African-American Studies Lecture Series begins this week
The first installment of the 2013-2014 African-American Studies Lecture Series at Mississippi State will allow the university family and the local community to explore the way people remember history.
Shawn Leigh Alexander, associate professor of African and African-American Studies at the University of Kansas, will visit campus on Tuesday [Oct. 15] to present the lecture "Young Africa and the Struggle for Historical Memory," at 4:30 p.m., in McCool Hall's Taylor Auditorium.
Alexander, also the director of UK's Langston Hughes Center, focuses his research in African-American social and intellectual history of the 19th and 20th centuries. His presentation will examine African-American accounts of the Reconstruction period, from the end of the Civil War in 1865 to 1877.
MSU African-American Studies Director Stephen Middleton explained that Richard Theodore Greener, the first African-American to graduate from Harvard College in 1870, first used the phrase "young Africa" to identify self-determined black scholars and leaders who wanted to uplift the African-American community.

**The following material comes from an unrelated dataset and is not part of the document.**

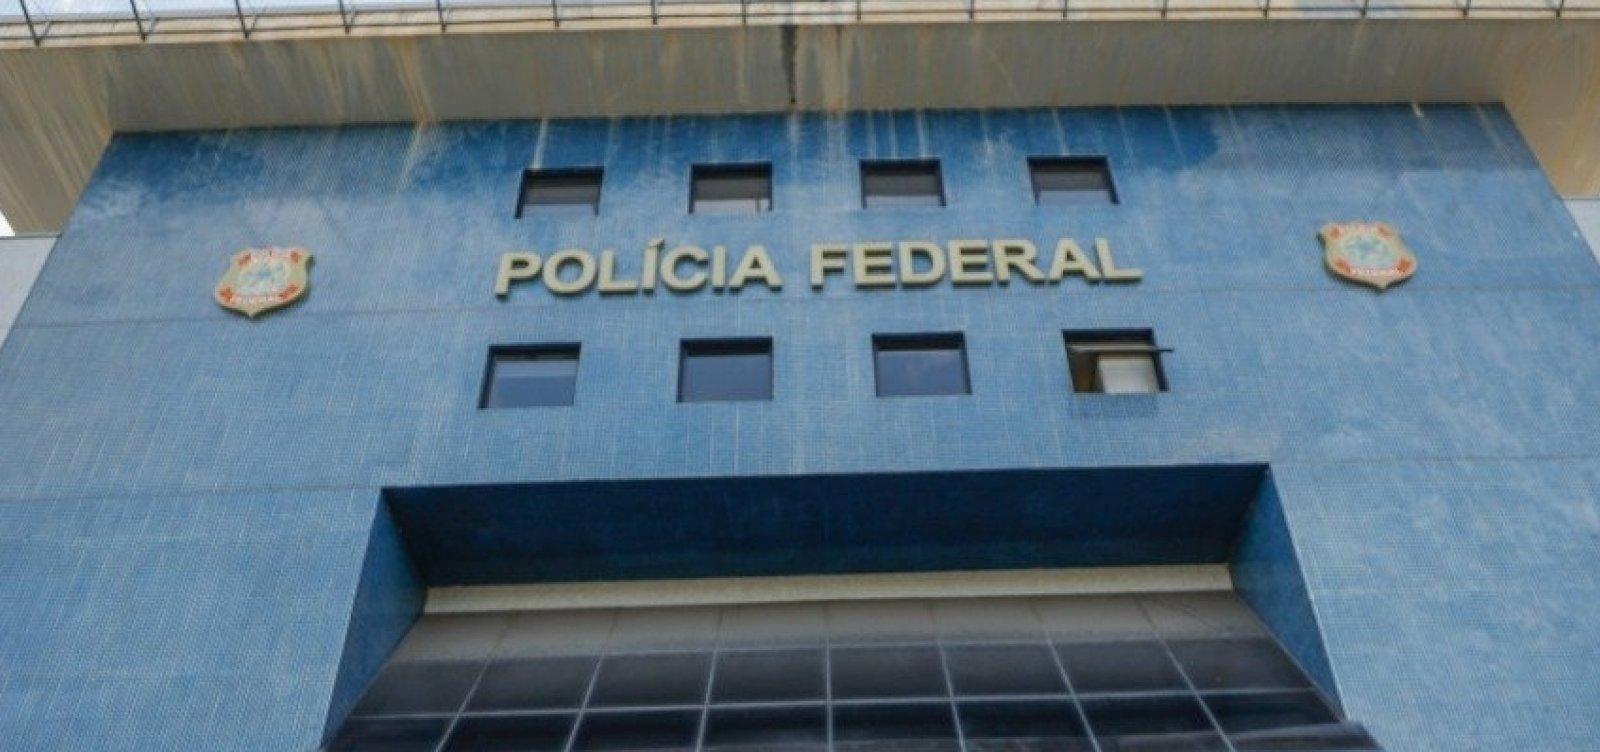 [Operação Sem Fundos: César Mata Pires Filho se entrega à PF]

"Professor Alexander will look at historical memory about the Reconstruction period in American history. He will look at the period through the lenses of 'young Africa,' that is, people like Greener, T. Thomas Fortune, W.E.B. Du Bois and others who wrote about Reconstruction," Middleton said. "These black scholars offered a different memory of Reconstruction; and hence, they provide a counter-narrative to the way some whites portrayed the period in ways that were not flattering to black people."
By examining the role of black writers chronicling the years of Reconstruction, the audience will learn how their writings, and others, shape the present view of history, Middleton said.
Alexander completed his doctoral degree at the University of Massachusetts-Amherst in 2004 and has already published several books and anthologies, including "T. Thomas Fortune, the Afro-American Agitator" (University Press of Florida, 2008), "An Army of Lions: The Struggle for Civil Rights before the NAACP" (University of Pennsylvania Press, 2012) and "The Aftermath of Slavery: A Study of the Condition and Environment of the American Negro" (The University of South Carolina Press, 2012).
Upcoming publications by Alexander will include a study of the violence of the Reconstruction period called "Reconstruction, Violence, and the Ku Klux Klan Hearings" (Bedford/St. Martins Press), and a short study of W. E. B. Du Bois for the Roman and Littlefield Library of African American Biography series, titled "W. E. B. Du Bois: An American Intellectual and Activist."